Economists polled by Reuters had forecast starts would rebound to a rate of 1.300 million units. Starts were down 4.4% from a year ago. Multi-family building permits surged 19.2% to a rate of 460,000 units. That contributed to lifting building permits as a whole by 3.4% to a rate of 1.446 million units.

The multifamily housing market segment continues to benefit from the shift to renting from buying.

The number of houses approved for construction that were yet to be started increased 1.8% to 277,000 units. The single-family homebuilding backlog rose 0.7% to 140,00 units.

The completions rate for that housing segment increased 1.8% to 1.037 million units. Overall housing completions jumped 10.1% to a rate of 1.710 million units, the highest level since January 2007. Realtors estimate that housing starts and completion rates need to be in a range of 1.5 million to 1.6 million units per month over time to bridge the inventory gap.
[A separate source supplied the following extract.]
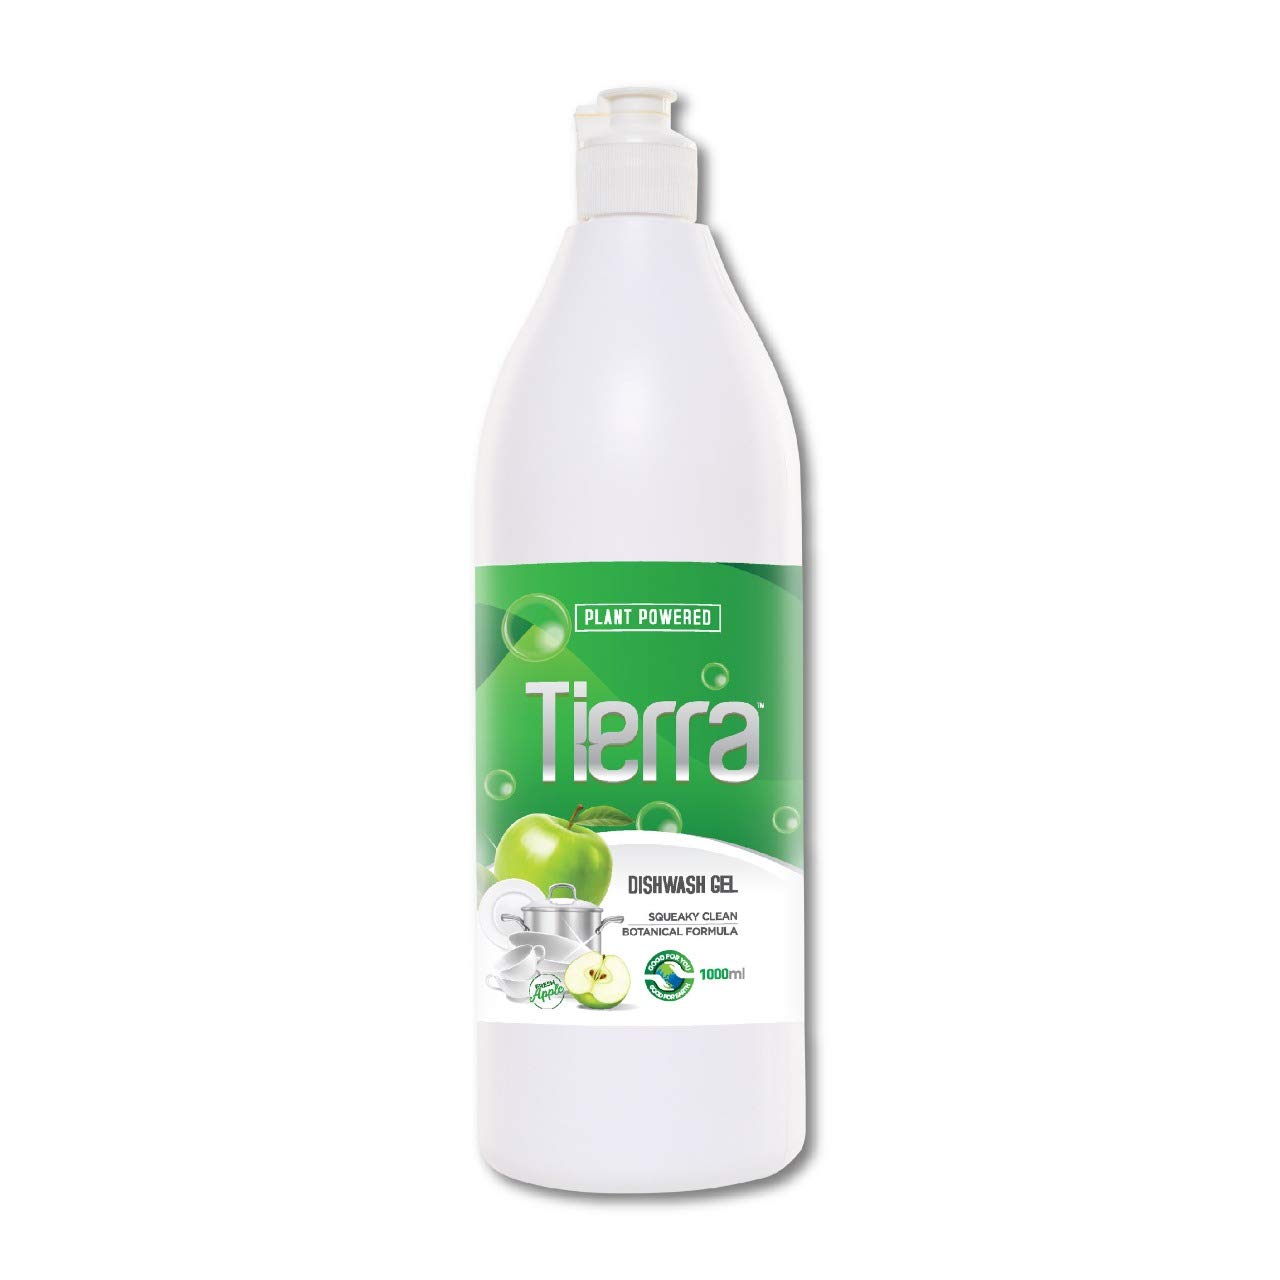 Tierra Dishwash Gel | Green Apple - 1000 mL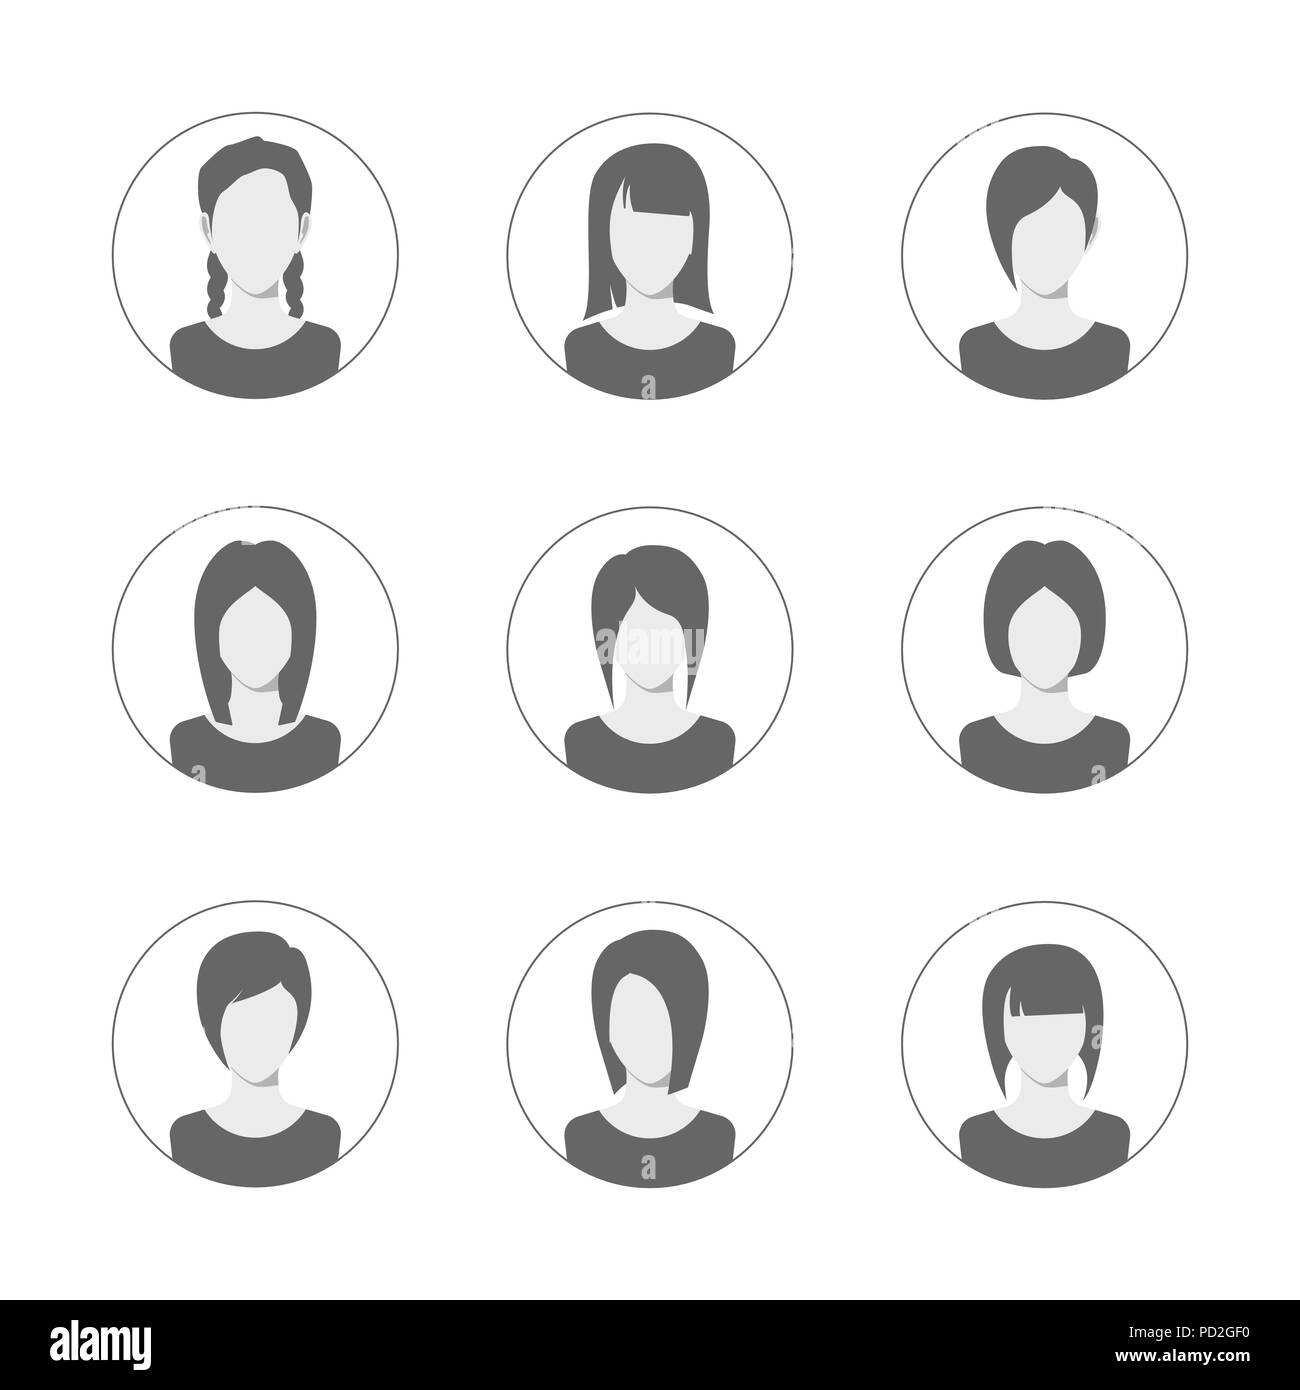 App o profilo utente icona set. Serie di donne avatar modello. Utente raccolta di icone. Simbolo del popolo per il sito web avatar. Illustrazione Vettoriale Illustrazione Vettoriale

The number of housing units under construction fell 1.5% to a rate of 1.563 million units, the lowest level since January 2022. The inventory of single-family housing under construction dropped 1.3% to a rate of 668,000 units.

While the housing market is experiencing mixed fortunes, a nascent recovery is probably underway in manufacturing, the other interest-rate sensitive sector.

A separate report from the Fed on Wednesday showed factory production increased 0.4% in June after advancing 1.0% in May. Motor vehicle production surged to a nine-year high.

© Reuters. Single-family residential homes are shown under construction in Menifee, California, U.S., March 28, 2024.  REUTERS/Mike Blake/File photo

Production at factories shot up 1.1% on a year-on-year basis in June, and increased at a 3.4% annualized rate in the second quarter. That followed four straight quarterly declines.

"Manufacturing is snapping out of its earlier funk," said Bernard Yaros, lead U.S. economist at Oxford Economics.